Let’s write out model evaluation accuracy results to a text file to compare model at the end

with open("results.txt", 'w') as f: 
    f.write('GRU accuracy results:')
    f.write('\n')
    for key, value in  model.compute_metrics().items(): 
        f.write('%s:%s\n' % (key, value.item()))

Metrics

We have extended the HuggingFace transformers Trainer class (PyTorch only) to support evaluation of RecSys metrics. The following information retrieval metrics are used to compute the Top-20 accuracy of recommendation lists containing all items:

  • Normalized Discounted Cumulative Gain (NDCG@20): NDCG accounts for rank of the relevant item in the recommendation list and is a more fine-grained metric than HR, which only verifies whether the relevant item is among the top-k items.

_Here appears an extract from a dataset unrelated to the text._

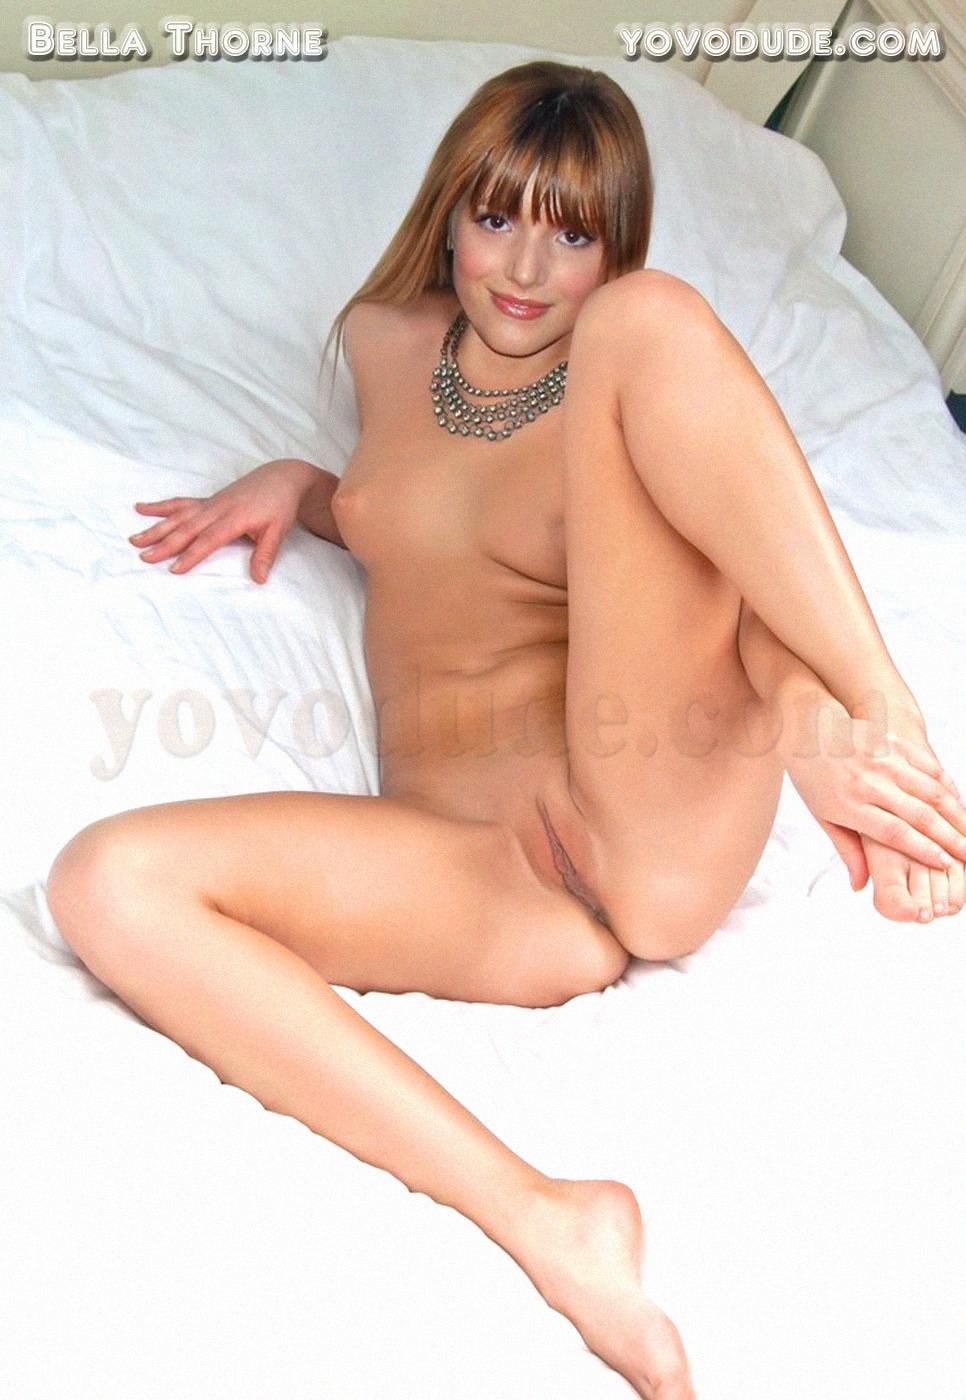 Bella Thorne Nude Fake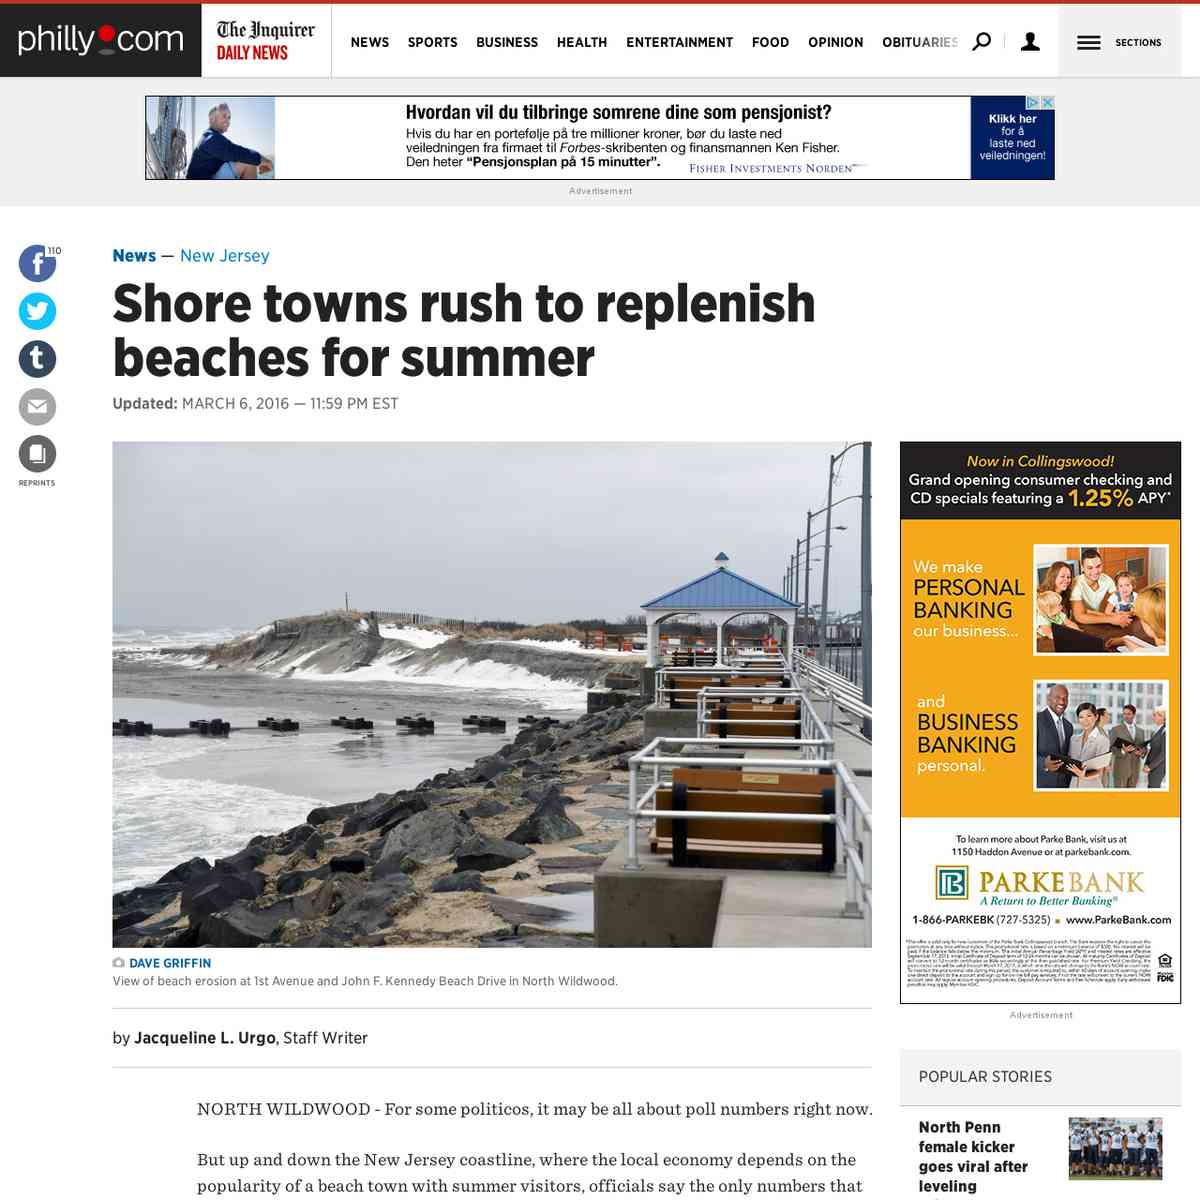 Shore towns rush to replenish beaches for summer

  • Hit Rate (HR@20): Also known as Recall@n when there is only one relevant item in the recommendation list. HR just verifies whether the relevant item is among the top-n items.

Restart the kernel to free our GPU memory
import IPython
app = IPython.Application.instance()
app.kernel.do_shutdown(True)
{'status': 'ok', 'restart': True}

At this stage if the kernel does not restart automatically, we expect you to manually restart the kernel to free GPU memory so that you can move on to the next session-based model training with a SOTA deep learning Transformer-based model, XLNet.

3.2. Training a Transformer-based Session-based Recommendation Model

3.2.1 What’s Transformers?

The Transformer is a competitive alternative to the models using Recurrent Neural Networks (RNNs) for a range of sequence modeling tasks. The Transformer architecture [6] was introduced as a novel architecture in NLP domain that aims to solve sequence-to-sequence tasks relying entirely on self-attention mechanism to compute representations of its input and output. Hence, the Transformer overperforms RNNs with their three mechanisms:

  • Non-sequential: Transformers network is parallelized where as RNN computations are inherently sequential. That resulted in significant speed-up in the training time.

  • Self-attention mechanisms: Transformers rely entirely on self-attention mechanisms that directly model relationships between all item-ids in a sequence.

  • Positional encodings: A representation of the location or “position” of items in a sequence which is used to give the order context to the model architecture.

Figure 3. Transformer vs vanilla RNN.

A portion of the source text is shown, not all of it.